We have 8 years left on the mortgage, and we can cut that time in half by paying $8,000 extra each year toward the principal. The rate on the mortgage is 5.125%. About $300 a month of our current payment goes to interest. Is it worth my taking a reduced Social Security amount to pay off the mortgage? -- DW via email
A: This dilemma involves emotional as well as financial issues. But based on the numbers, I think it's better for you to delay taking a Social Security benefit until you turn 66.
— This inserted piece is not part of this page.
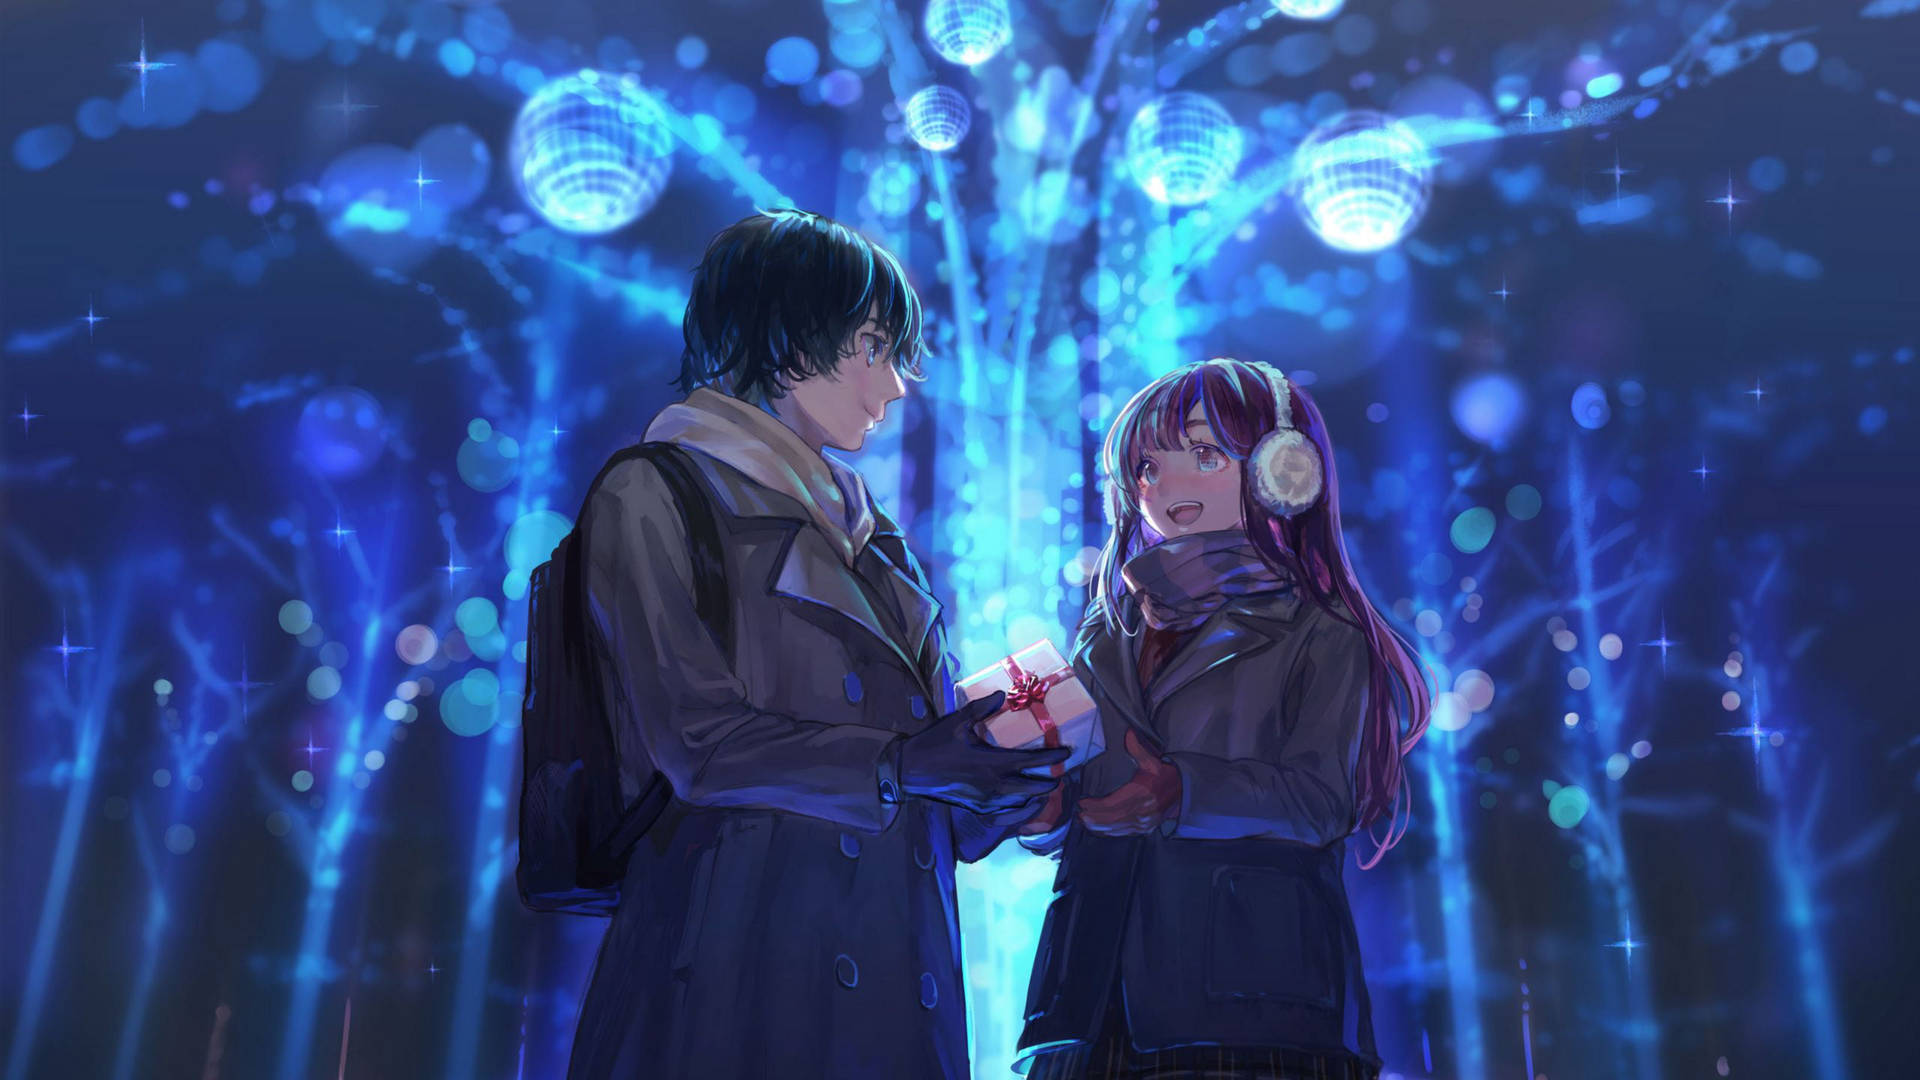 Cute Anime Couple Gift Wallpaper

Here are the pros and cons to consider:
The true cost of your mortgage is actually less than 5.125% because the interest is tax deductible. But that's a shrinking advantage. You'll get less and less of a tax deduction over the next eight years, says Christine Fahlund, senior financial planner at T. Rowe Price, because the closer you get to paying off the mortgage, the less interest there is in each mortgage payment.
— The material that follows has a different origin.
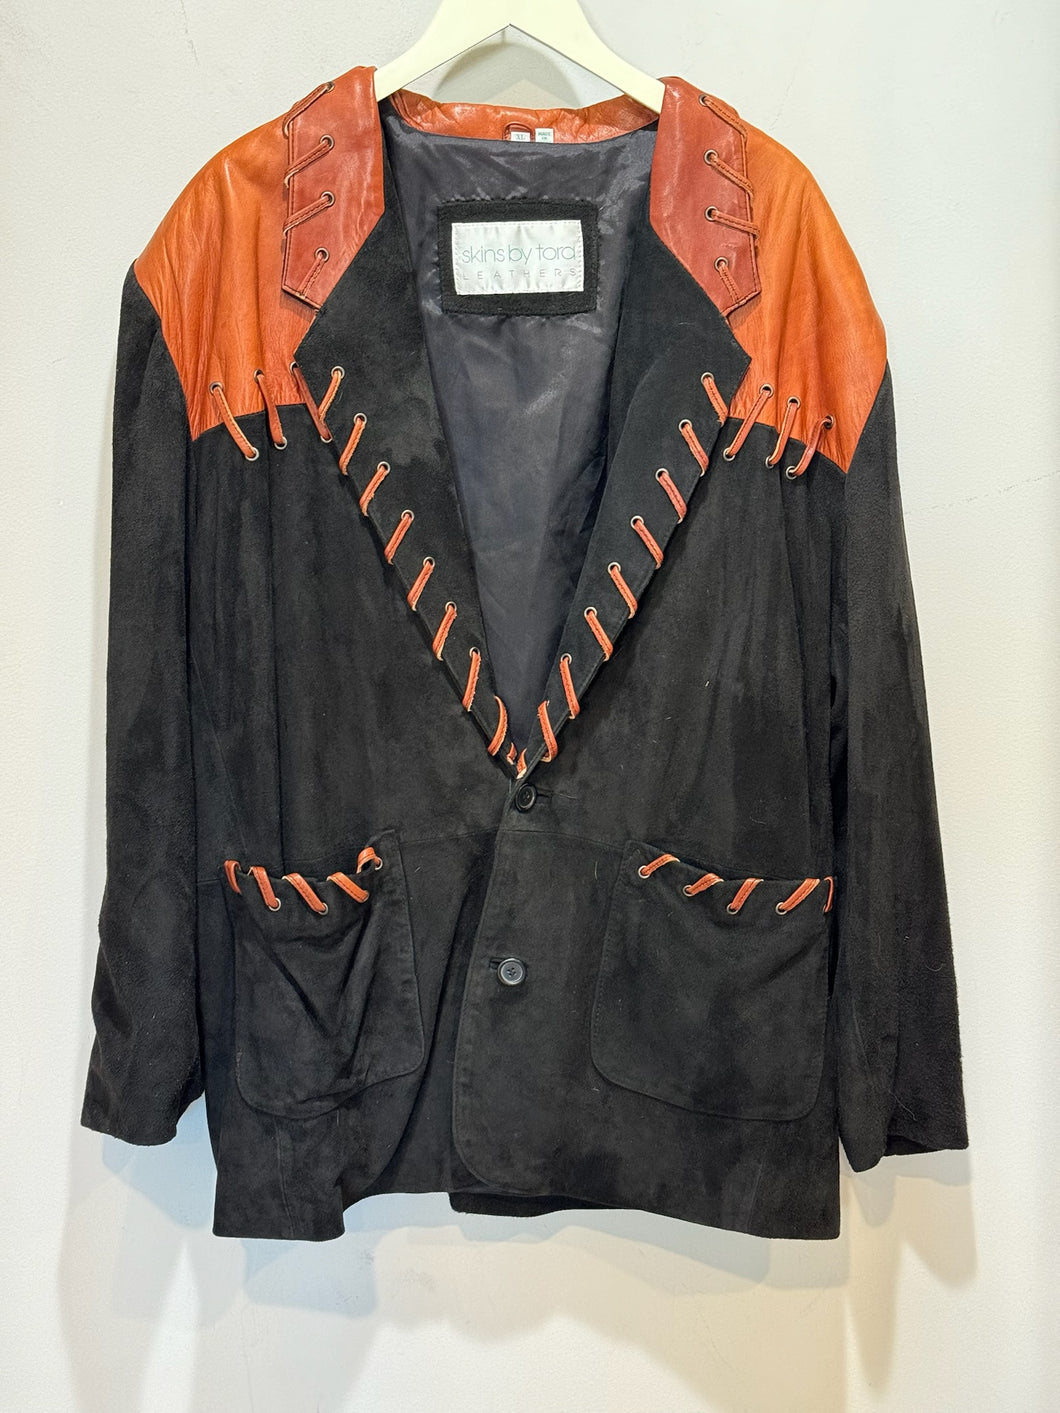 Vintage Skins By Tora Suede Leather Jacket

And of course, you'd like to be mortgage-free when you retire.
All in all, paying off the mortgage early is a very attractive idea.
But if you use a discounted Social Security benefit to do it, says Fahlund, you'll be meeting a short-term problem (4 to 8 years of mortgage payments) with a long-term solution (20 to 30 years of Social Security payments).
There's a steep discount for taking Social Security at 64 instead of 66. For every $1,000 in monthly benefits you'd get at age 66, you'll get $866 at age 64, points out Eleanor Blayney, a financial planner who is also the consumer advocate for the Certified Financial Planner Board of Standards. Simple math suggests that taking Social Security at age 64 would cost you more than you'll save by paying off the mortgage four years early: a 6% annual discount in benefits in exchange for saving 5.125% a year on your mortgage.
Blayney did a quick spreadsheet calculation and found you'd save $10,660 over the next eight years with your plan to take early Social Security and pay off the mortgage early. By Year Eight, you'd have sacrificed about $6,190 in Social Security benefits. But of course, the Social Security discount doesn't stop after eight years: When you take a benefit early, it's forever smaller than if you'd waited. If you delay taking Social Security instead, it would take you only about three more years to break even, Blayney says. "So as long as you're healthy and planning to live more than eleven years, I would recommend the delay strategy."
On the other hand, both advisers acknowledge that there's a great psychological benefit in not having a mortgage in retirement. Only you can weigh what those four extra mortgage-free years would mean to you.
Here's an alternative you may want to consider:
If you wait two years, at age 66 you'll have the option of applying only for your spousal benefit. (You don't get that option when you're younger.) And at 66, you'd get the maximum spousal benefit: 50% of your husband's benefit. You could use that towards paying down the mortgage, while letting your own benefit keep growing. There's a big reward for that extra delay: You get an 8% annual bonus for each year you postpone taking your benefit between ages 66 and 70. That bonus permanently increases your benefit, just as a discount permanently reduces it.
Another advantage of this alternative is that at 66 you'd receive your maximum spousal benefit regardless of how much you earn every year. You intend to keep working -- and one drawback of taking Social Security at 64 is that you forfeit $1 of benefit for every two dollars you earn above $14,160. This annual limit changes every year, but it applies only as long as you're under your full retirement age. After that, your benefit isn't reduced no matter how much you earn.